Problem requirements. Images are not wanted; transcribe the rest of the listing exactly.

Start of Given data

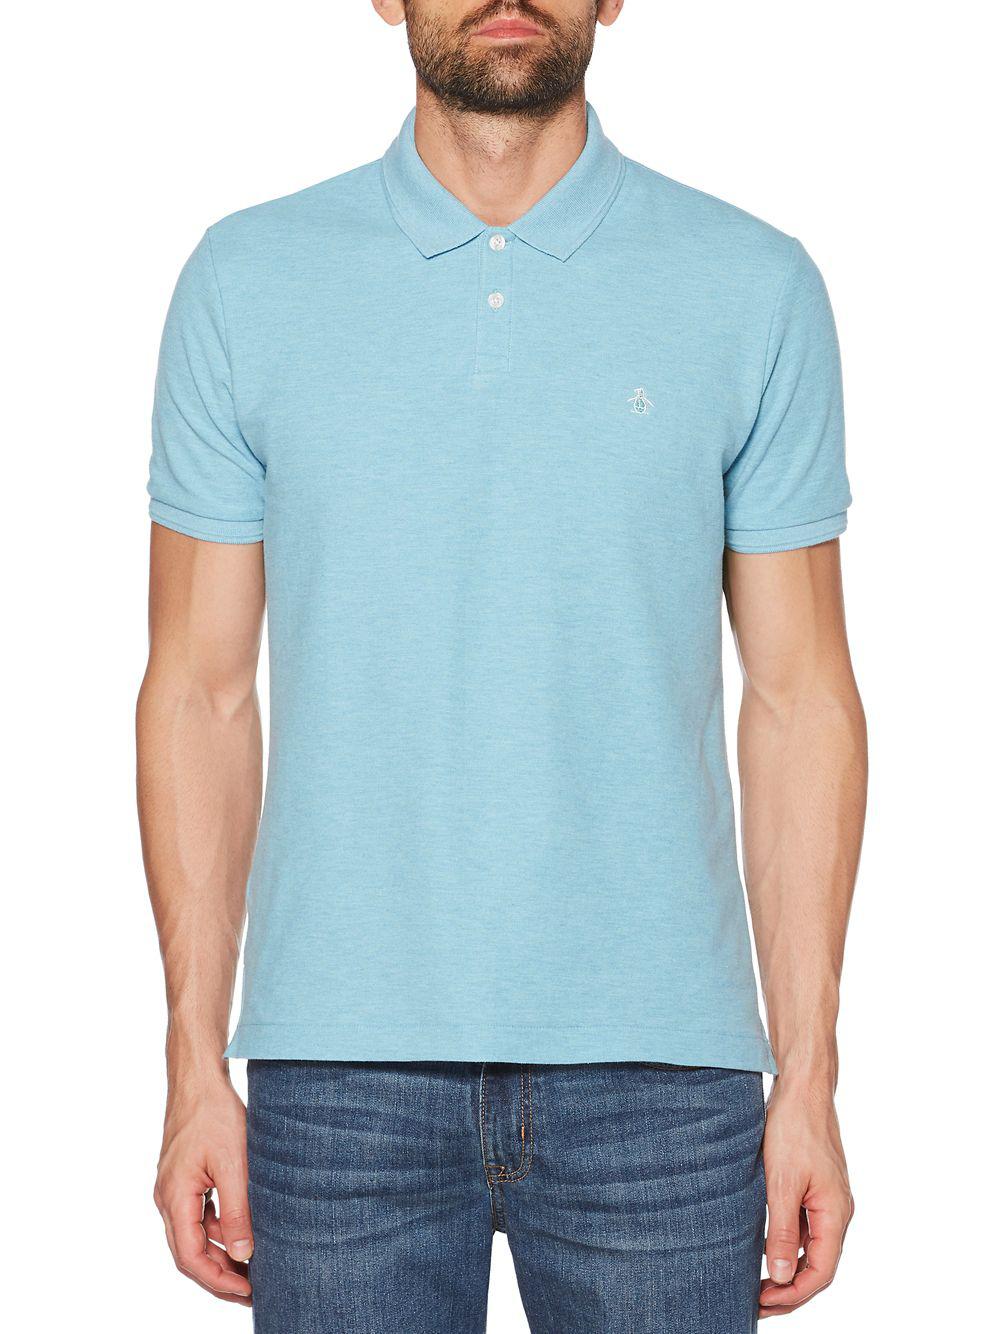 Original Penguin Daddy-o Classic Fit Polo Shirt in Blue for Men - Lyst
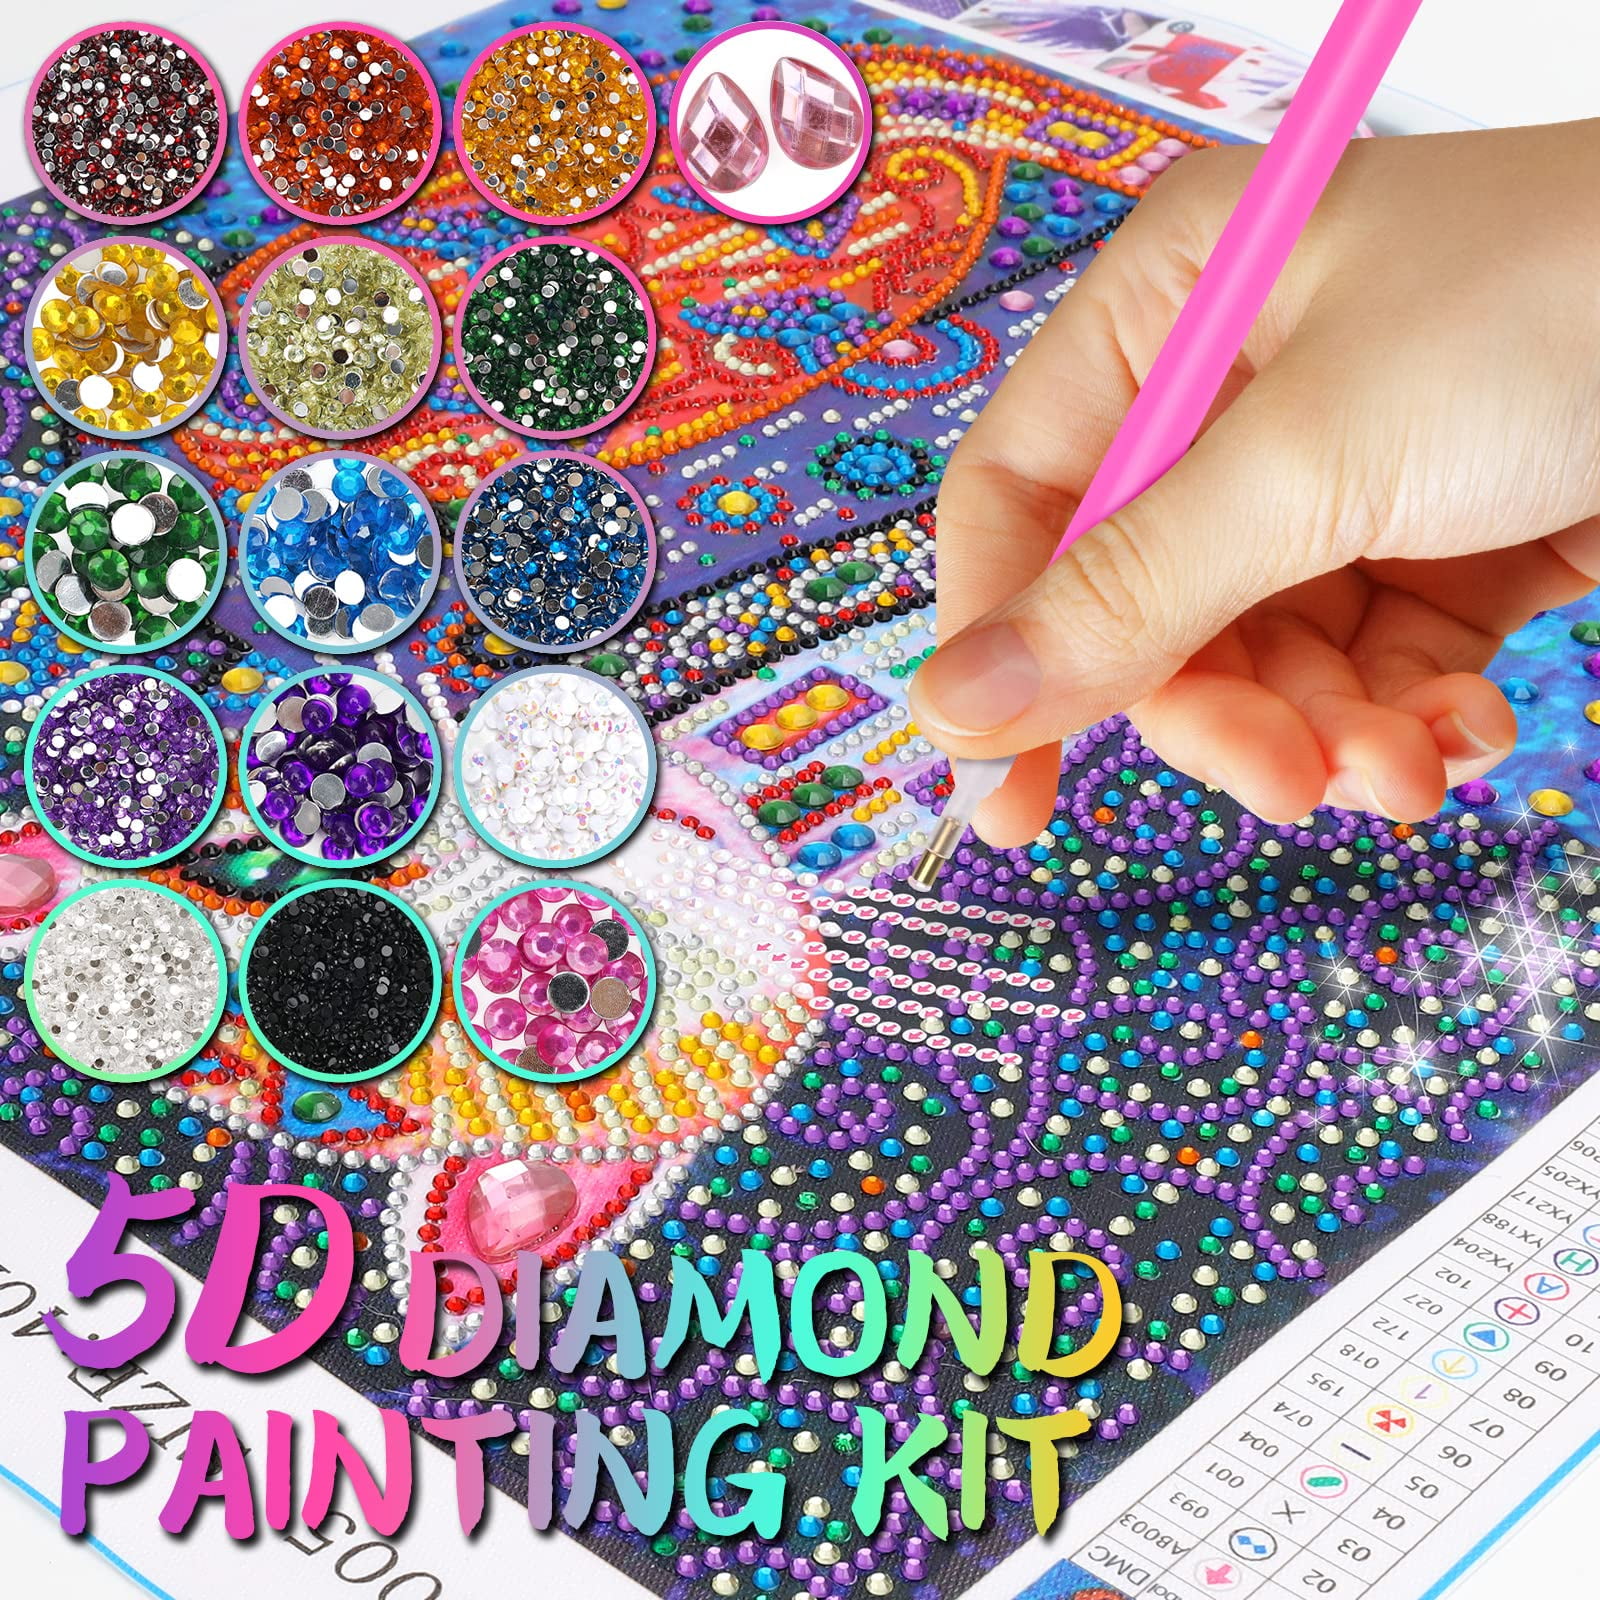 Arts and Crafts for Kids Boys Girls Age 12 11 10 9, Dog Painting Gifts for  Teenage Girls Boys 11-12 years old-5D Diamond Art Kits Diamond Embroidery
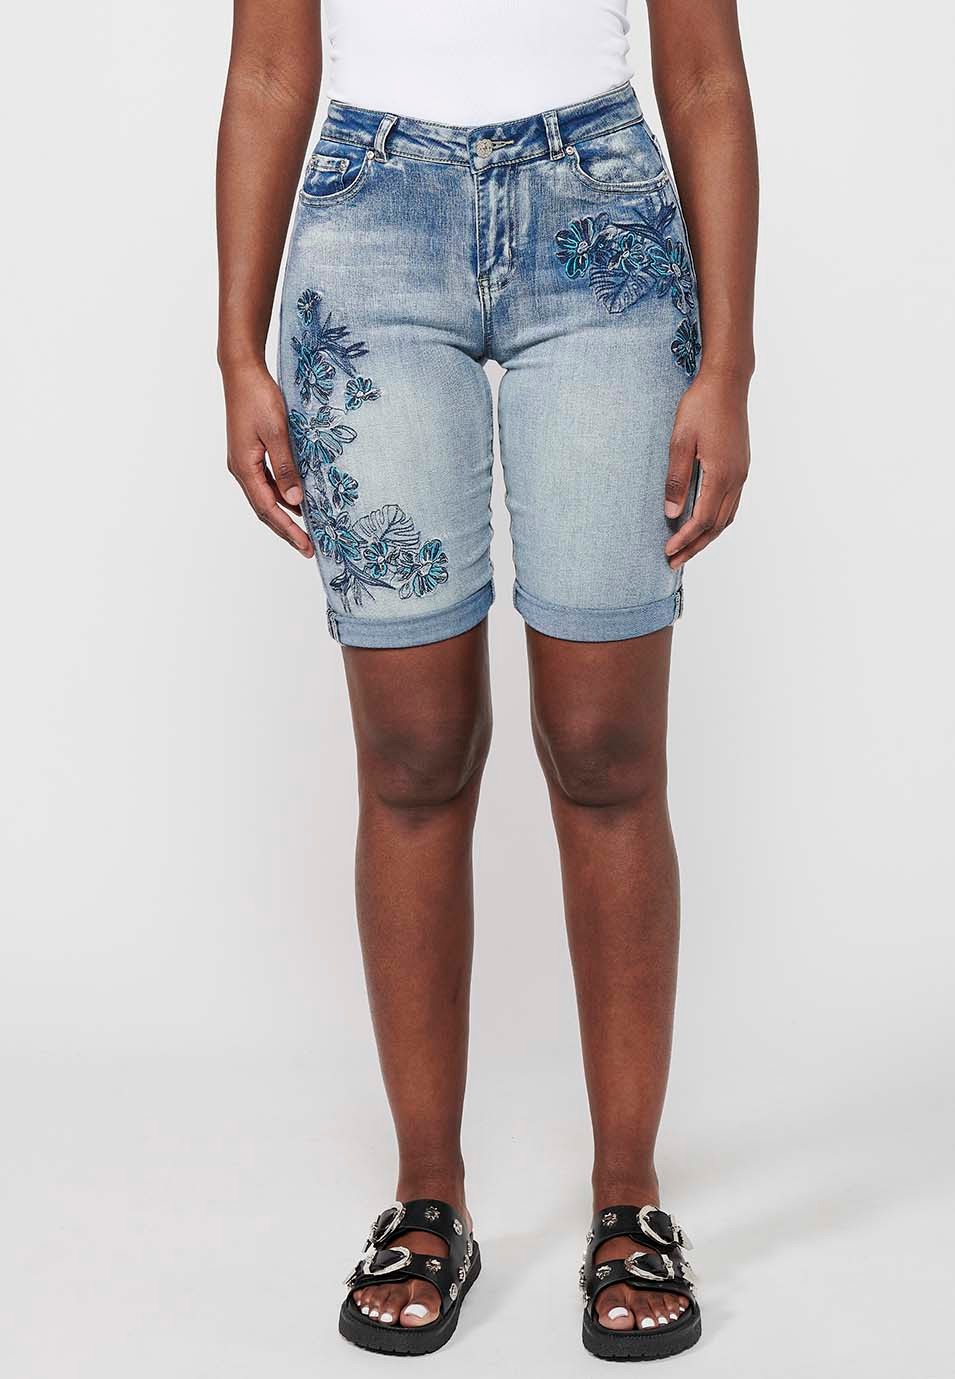 Women's Light Blue Floral Embroidery Shorts
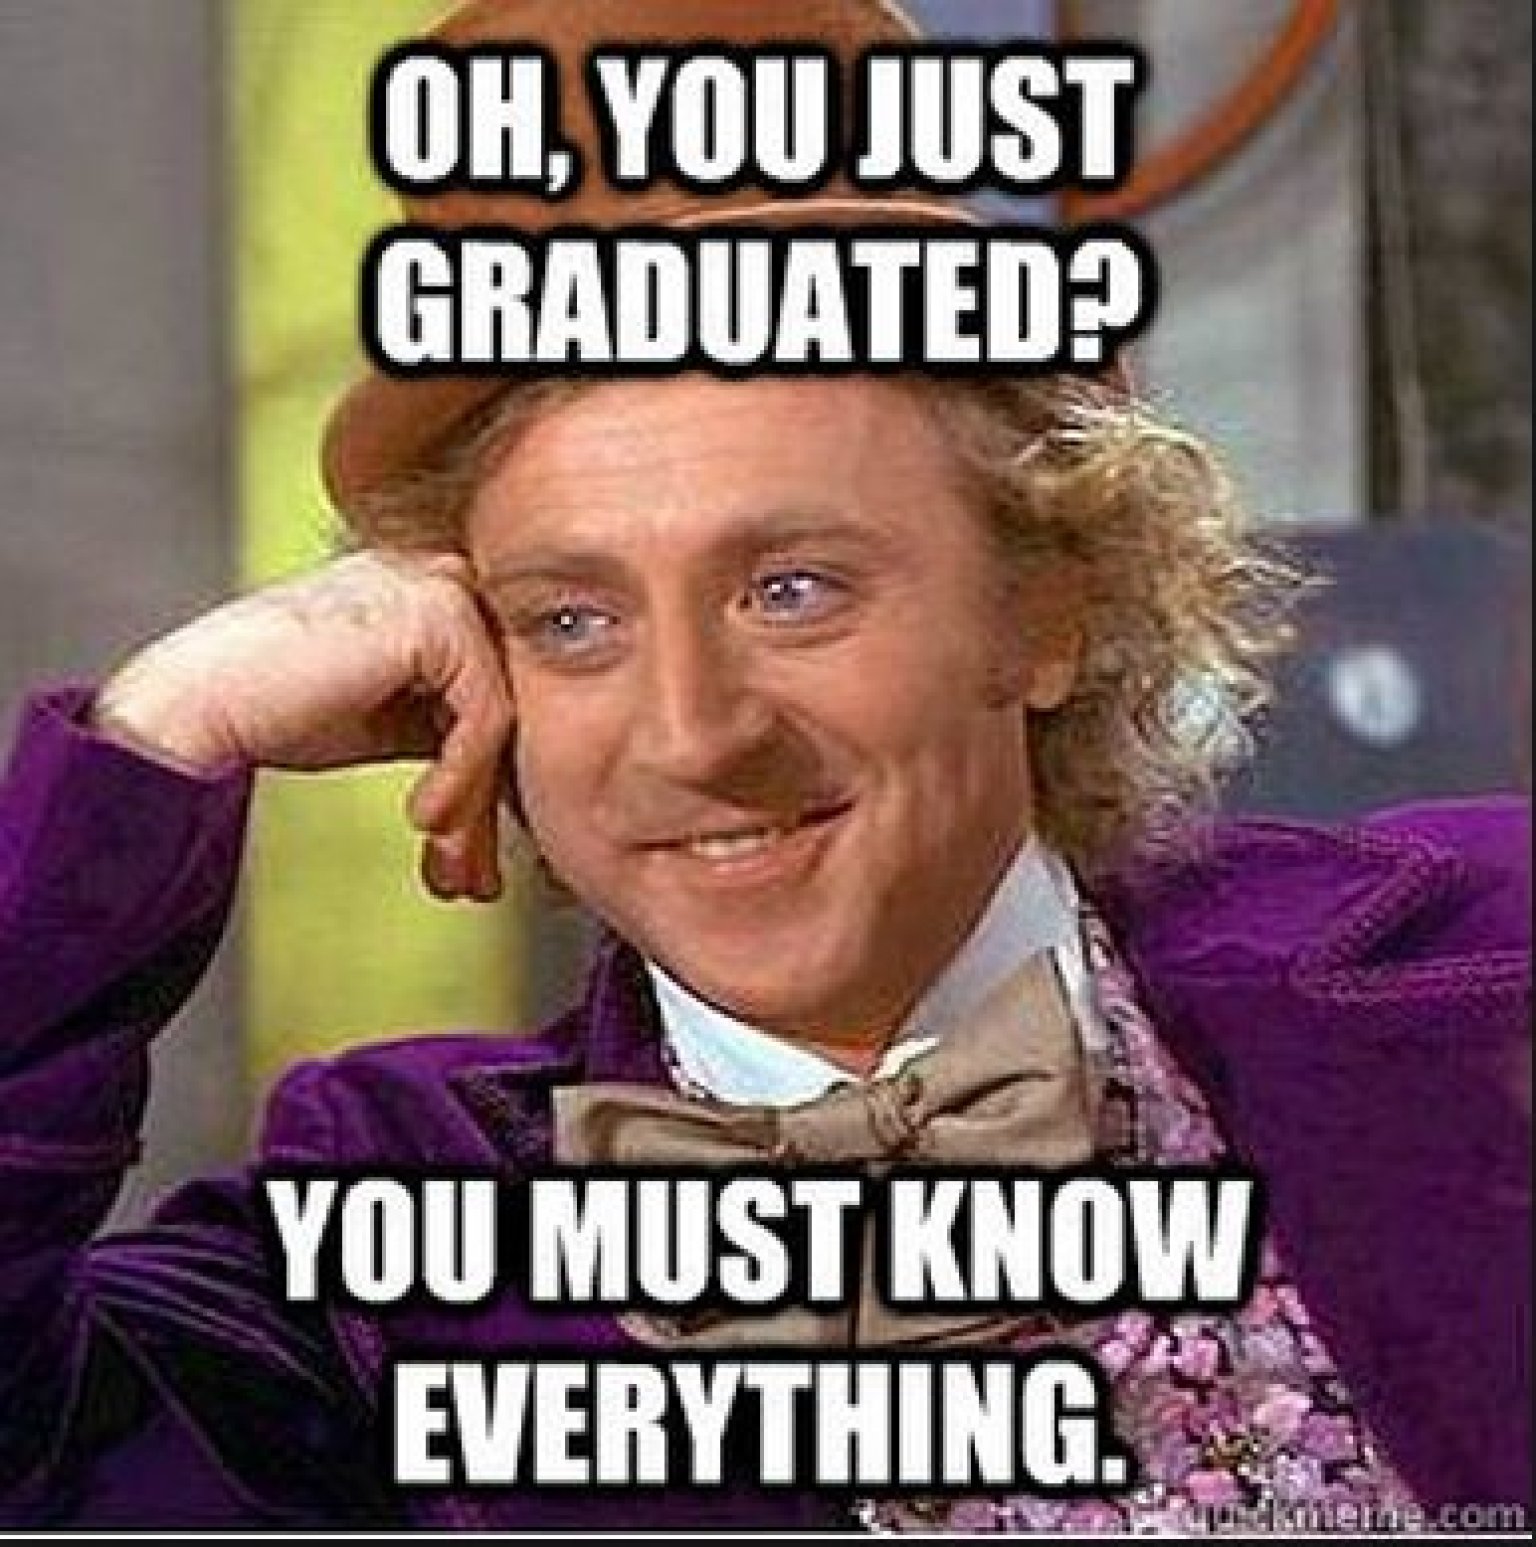 Top 20 Funniest Graduation Quotes Home, Family, Style and Art Ideas

End of Given data

Task response.
 Original Penguin Daddy-o Classic Fit Polo Shirt in Blue for Men - Lyst
 Arts and Crafts for Kids Boys Girls Age 12 11 10 9, Dog Painting Gifts for  Teenage Girls Boys 11-12 years old-5D Diamond Art Kits Diamond Embroidery
 Women's Light Blue Floral Embroidery Shorts
 Top 20 Funniest Graduation Quotes Home, Family, Style and Art Ideas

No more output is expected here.